To solve the system of equations using the elimination method, we have:
- \( y = 12x^2 - 8x - 2 \) (equation 1)
- \( y = -3x \) (equation 2)
We can set the two expressions for \( y \) equal to each other in order to eliminate \( y \):
\[ 12x^2 - 8x - 2 = -3x \]
Now, let's move all terms to one side of the equation:
\[ 12x^2 - 8x + 3x - 2 = 0 \]
Combining like terms gives:
\[ 12x^2 - 5x - 2 = 0 \]
Next, we can factor this quadratic equation, or we can use the quadratic formula:
The quadratic formula is given by:
\[ x = \frac{-b \pm \sqrt{b^2 - 4ac}}{2a} \]

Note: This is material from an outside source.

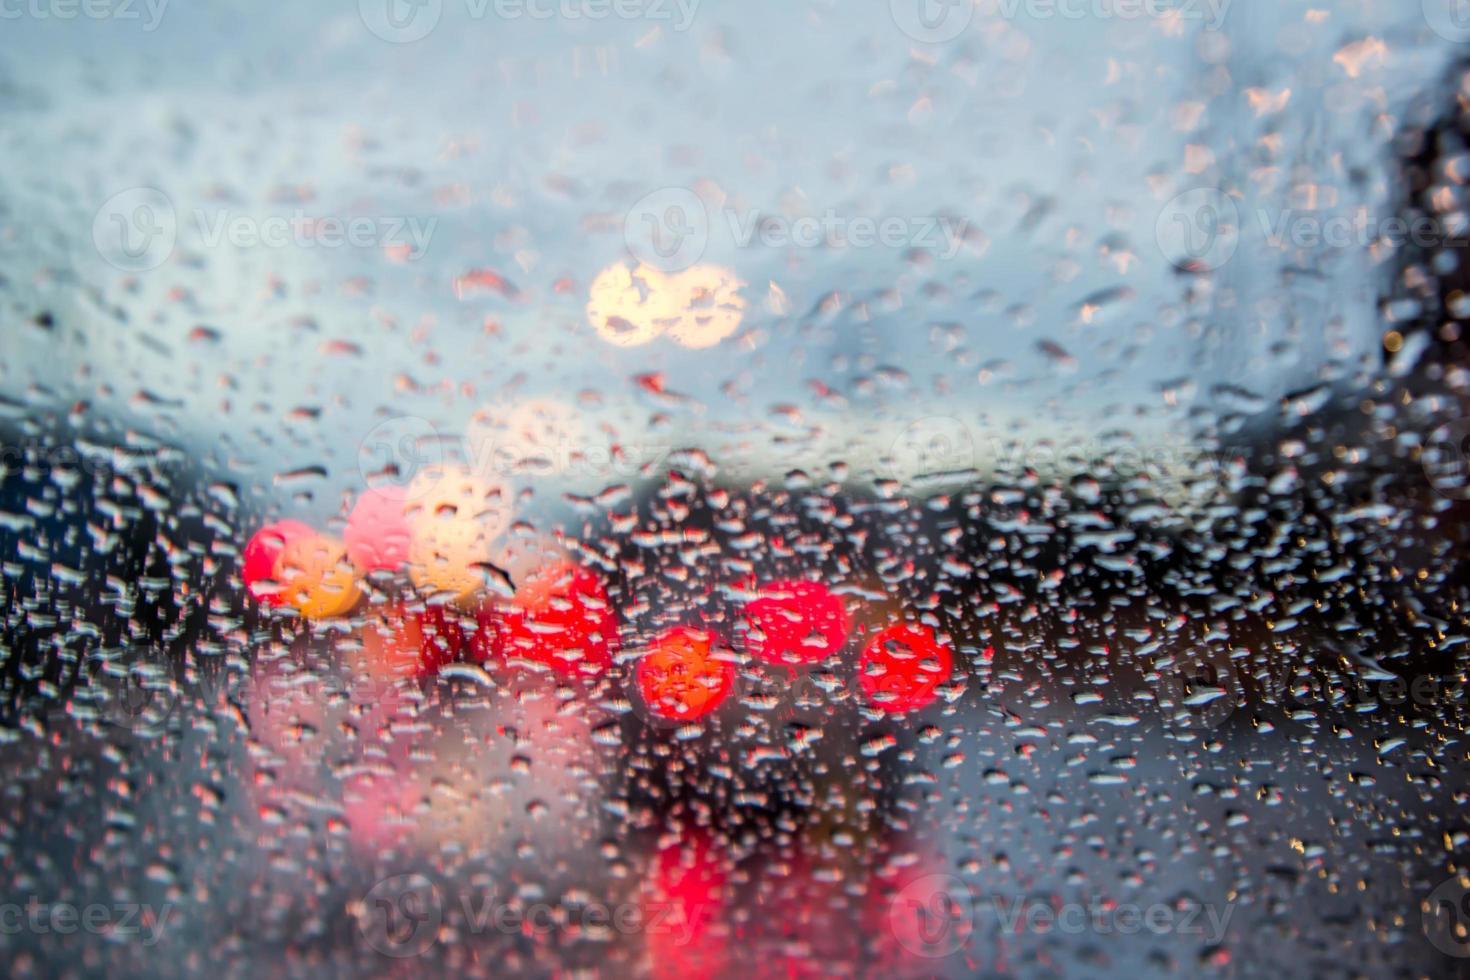 immagine sfocata della vista del traffico attraverso il parabrezza di un'auto foto
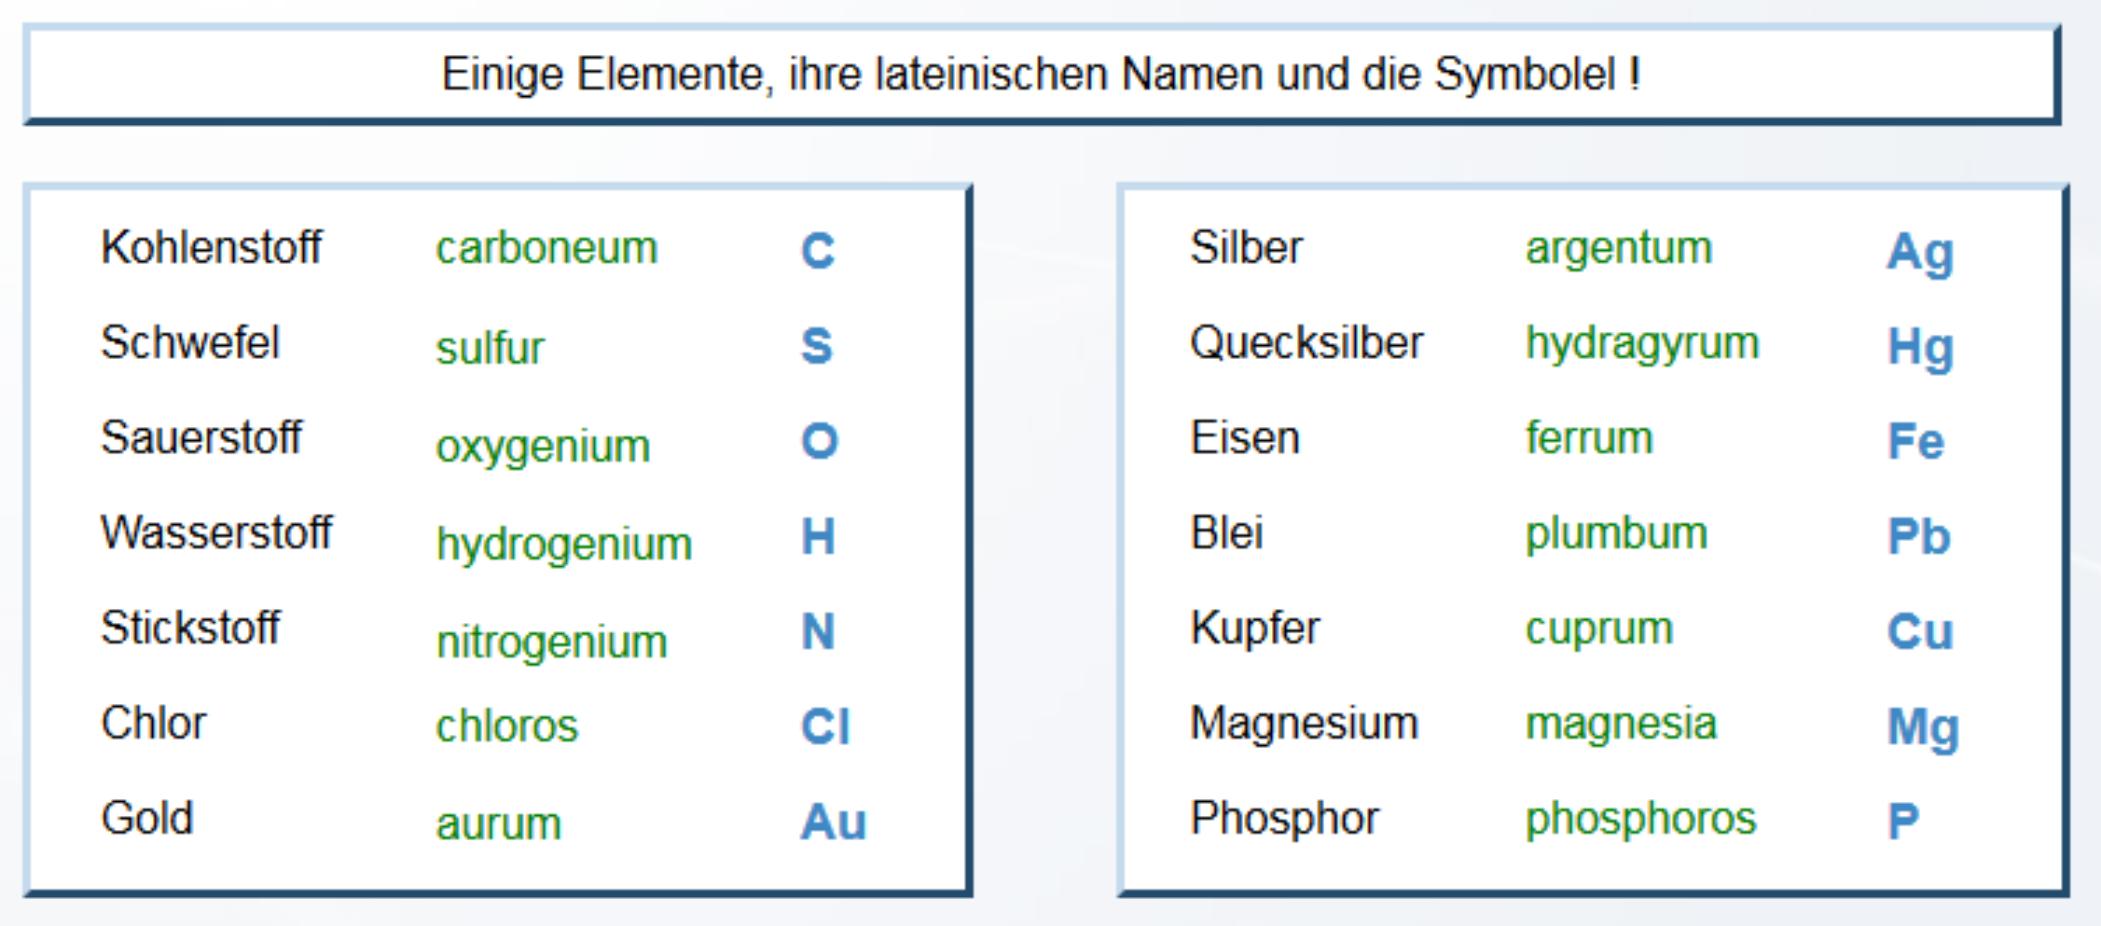 Chemische Zeichensprache - Chemie Artikel » Serlo.org

Here, \( a = 12 \), \( b = -5 \), and \( c = -2 \).
First, we calculate the discriminant \( b^2 - 4ac \):
\[ b^2 - 4ac = (-5)^2 - 4(12)(-2) = 25 + 96 = 121 \]
Now, we can apply the quadratic formula:
\[ x = \frac{-(-5) \pm \sqrt{121}}{2(12)} \]
This simplifies to:
\[ x = \frac{5 \pm 11}{24} \]
Calculating the two possible values for \( x \):
- \( x = \frac{5 + 11}{24} = \frac{16}{24} = \frac{2}{3} \)
- \( x = \frac{5 - 11}{24} = \frac{-6}{24} = -\frac{1}{4} \)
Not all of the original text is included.